По мнению Касаткина, не следовало упоминать о том, что покойный император Павел позволил Воронцову жить, где он хочет. Император Александр знал, как было дело.
Незадолго до убиения Павла был подписан высочайший указ: за недоплаченные лондонскими банкирами Пишелем и Брогденом казне принадлежащие деньги — четыреста девяносто девять фунтов стерлингов четырнадцать шиллингов и пять пенсов — конфисковать на такую сумму имения генерала графа Воронцова, прочие же имения за пребывание его в Англии взять в казенный секвестр. Вот как было дело. Пишеля и Брогдена рекомендовал Воронцов из желания угодить своим английским друзьям.
Правда, Воронцов не уезжал в ту пору из Англии потому, что англичане не выдавали русскому посланнику паспорта на отъезд.
Кто мог угадать, как бы повернулось все дело при крутом нраве и безумстве Павла? Царствования его оставалось всего три недели, а там Александр вернул имения Семену Романовичу… А ведь дело шло к войне, не будь действа 11 марта и внезапной смерти Павла Петровича.
Все это и множество других подробнейших мелочей тридцатилетней службы вспомнил Касаткин, когда перечитывал письмо Воронцова. Как бы ни скрывал Семен Романович склонности к английскому укладу жизни, но не соблюдением православных постов, не гречневой кашей с постным маслом искупить эту склонность. Большого ума человек, а молчал бы лучше…
Только эти два места в письме вызвали неодобрение Касаткина, и при случае он решил об этом сказать Семену Романовичу.
Потом он принялся за обычное свое дело, открыл секретный, скрытый за ковром шкаф, достал запечатанный семью печатями пакет с шифром «Север». Шифр этот придумал знаток тайнописи, чиновник шифровальной экспедиции Христиан Андреевич Бек; меняли шифр каждый год в день рождения Александра Павловича.
Перекрестившись, Касаткин положил перед собой письмо Воронцова и написанный на небольшом листочке пергаментной бумаги ключ к шифру и за два часа исписал цифрами более двух листов бумаги.
Тем временем Волгин дремал в прихожей, немного обеспокоенный: поспеет ли он в гавань к вечеру?
Еще два раза пробили часы. Лакей вынес Волгину на подносе серебряную чарку водки, соленый огурец и ломоть черного хлеба, порадовав сердце русского человека на чужбине.
А Николай Егорович Касаткин, наконец, кончил свое дело и поднялся к Воронцову. Он напомнил о зажигательных ракетах.

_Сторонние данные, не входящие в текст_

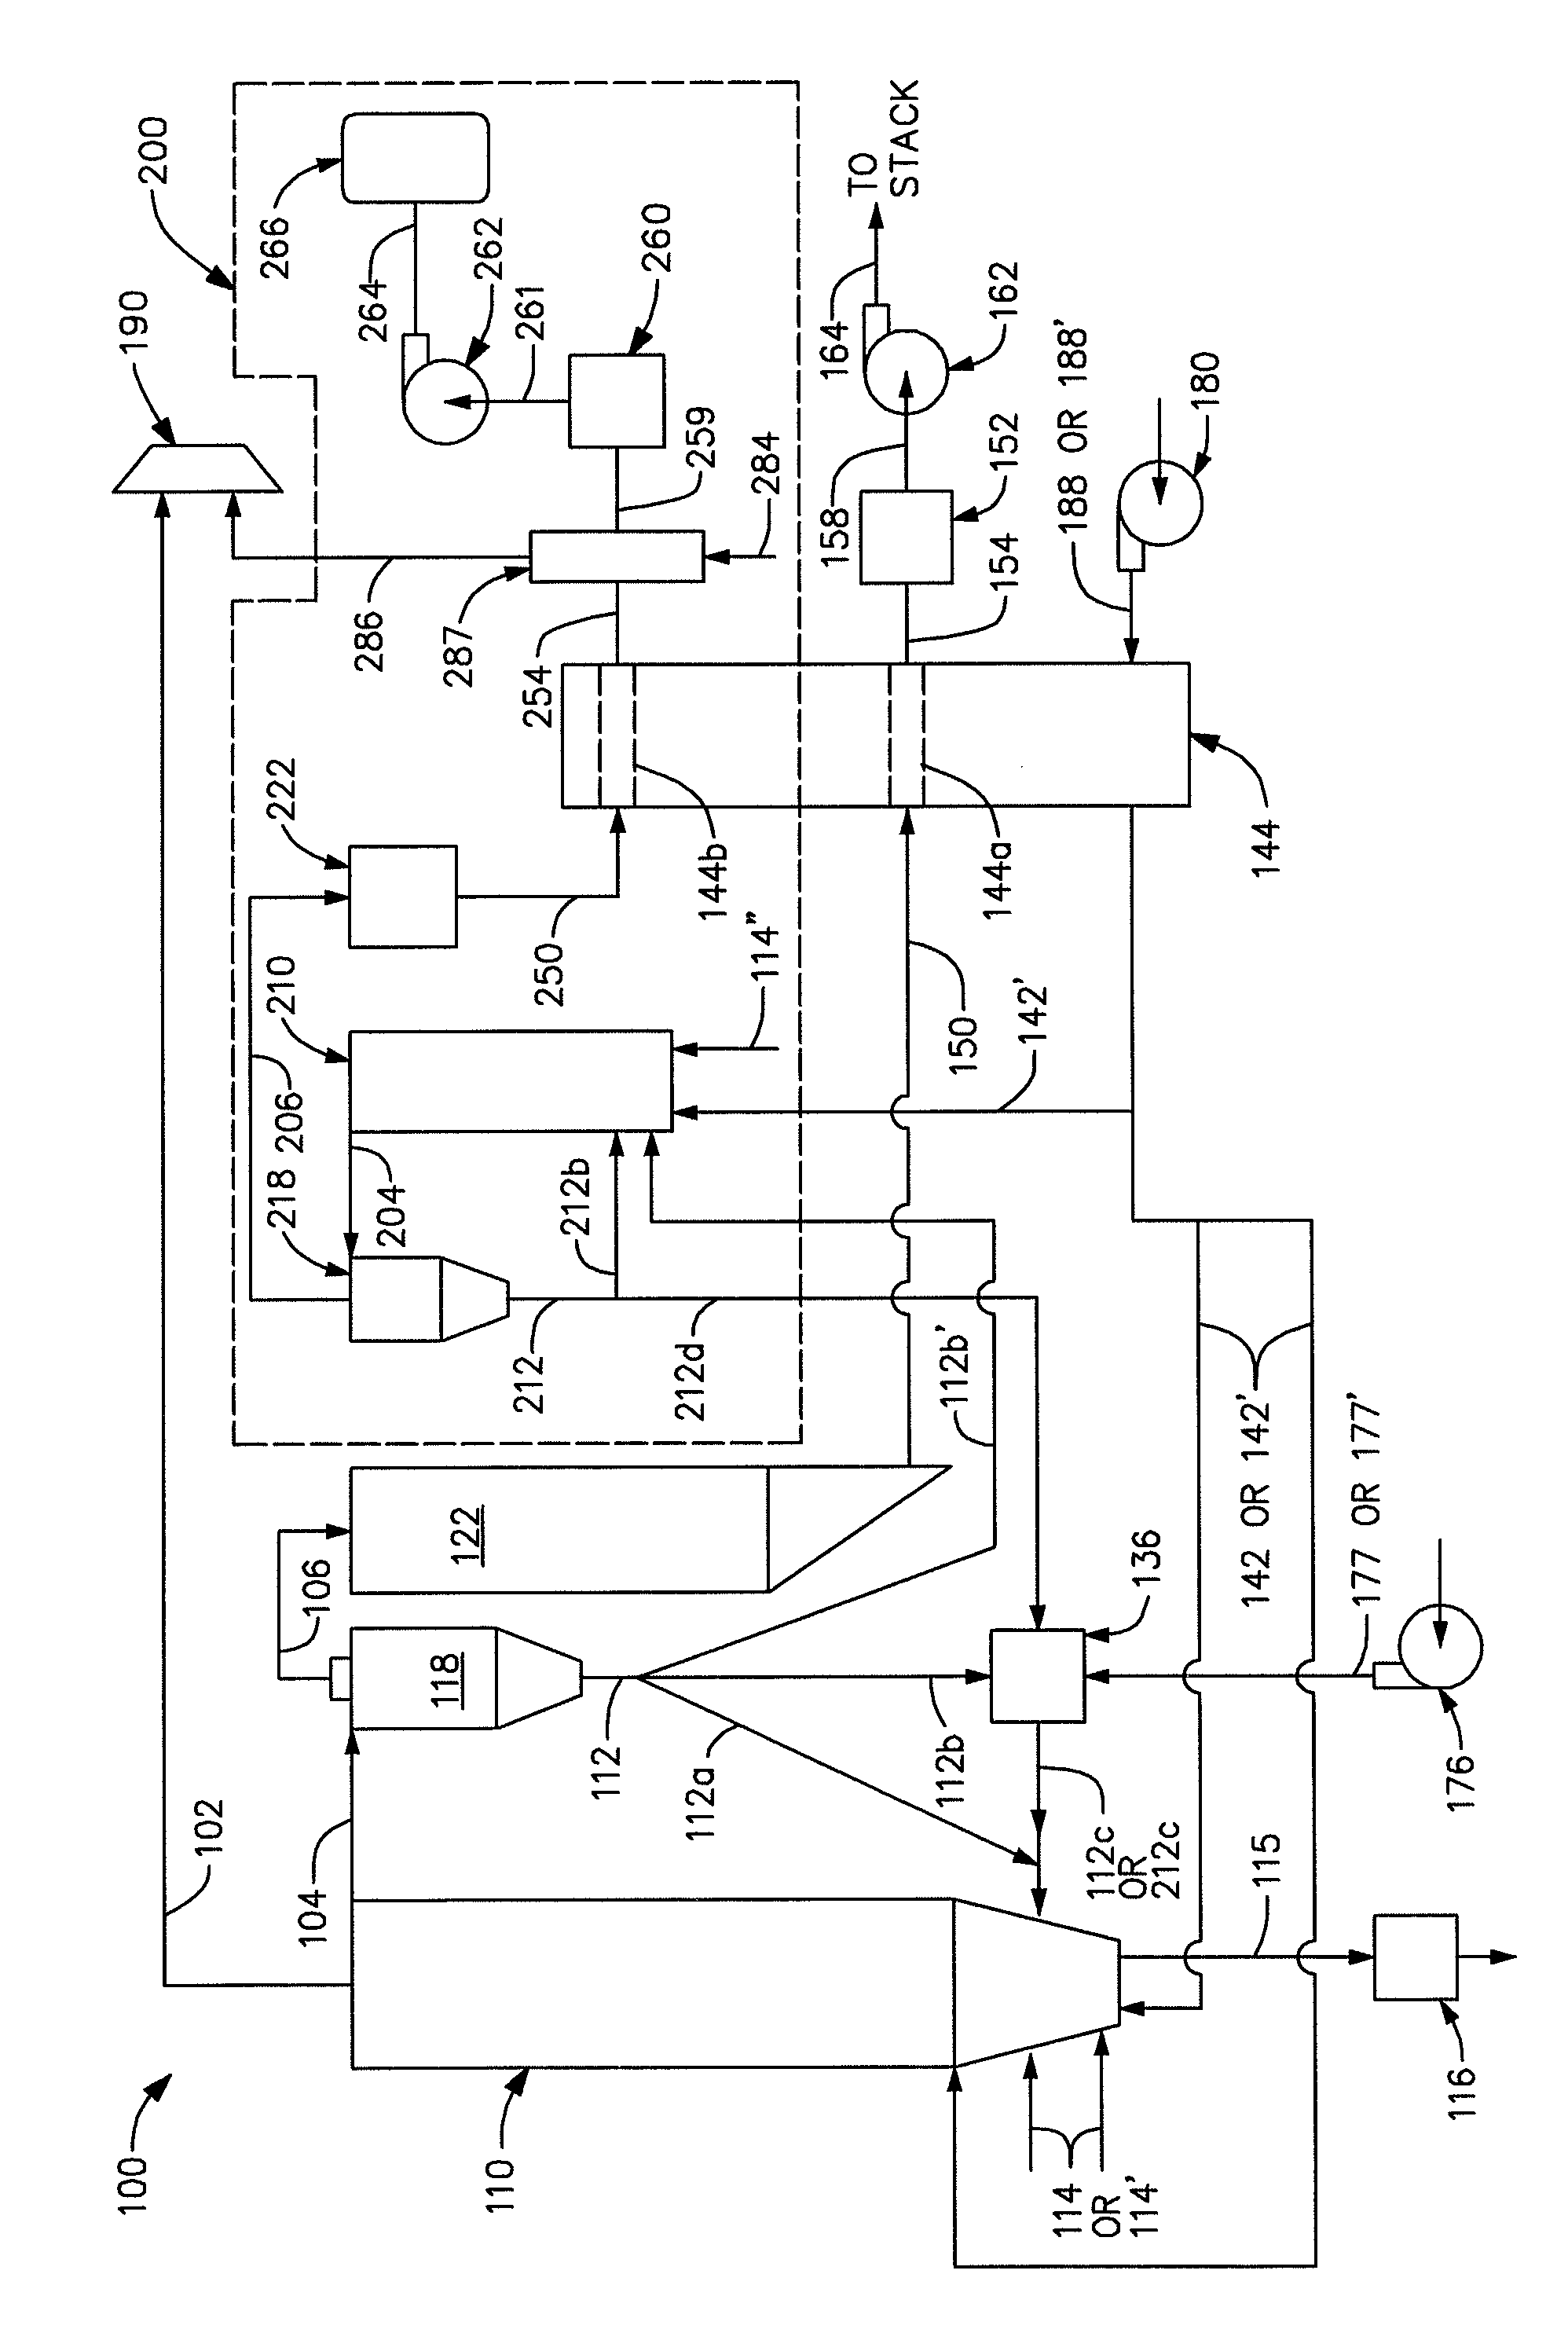 Air-fired CO2 capture ready circulating fluidized bed heat generation with a reactor subsystem

— Писал я про это Алексею Петровичу Ермолову. Можайский уж доставил письмо. — Семен Романович вздохнул и покачал головой. — Война будет долгая, притом фельдмаршала нет в живых, одному ему под силу была такая война. До Бунцлау довел он русские войска, а кто поведет их дальше? Барклай? Да уж лучше Барклай, чем оголтелый и глупый Беннигсен или ленивый Витгенштейн… Есть у нас Дохтуров, Ермолов, Раевский, Милорадович, — но что они? Руки, а голова — фельдмаршал… Милорадович? — задумался на мгновение Воронцов, — куда там… фанфарон, честолюбец — подарил стихотворцу соболью шубу за то, что тот сравнил его в стихах с архангелом Михаилом.
— Государь повелел положить светлейшего в Казанском соборе, пусть покоится там, осененный трофеями его побед.
— Мертвых легко славить, — коротко заметил Воронцов.
Разговор снова зашел о самых срочных делах. Касаткин осмелился оказать, что, по его разумению, осада Данцига затянулась. Ежели бы удалось поднять мятеж среди жителей Данцига, французскому гарнизону и генералу Раппу пришлось бы плохо.
Воронцов с этим согласился, но подумал, что для такого дела нужен человек о трёх головах, а он такого не знает.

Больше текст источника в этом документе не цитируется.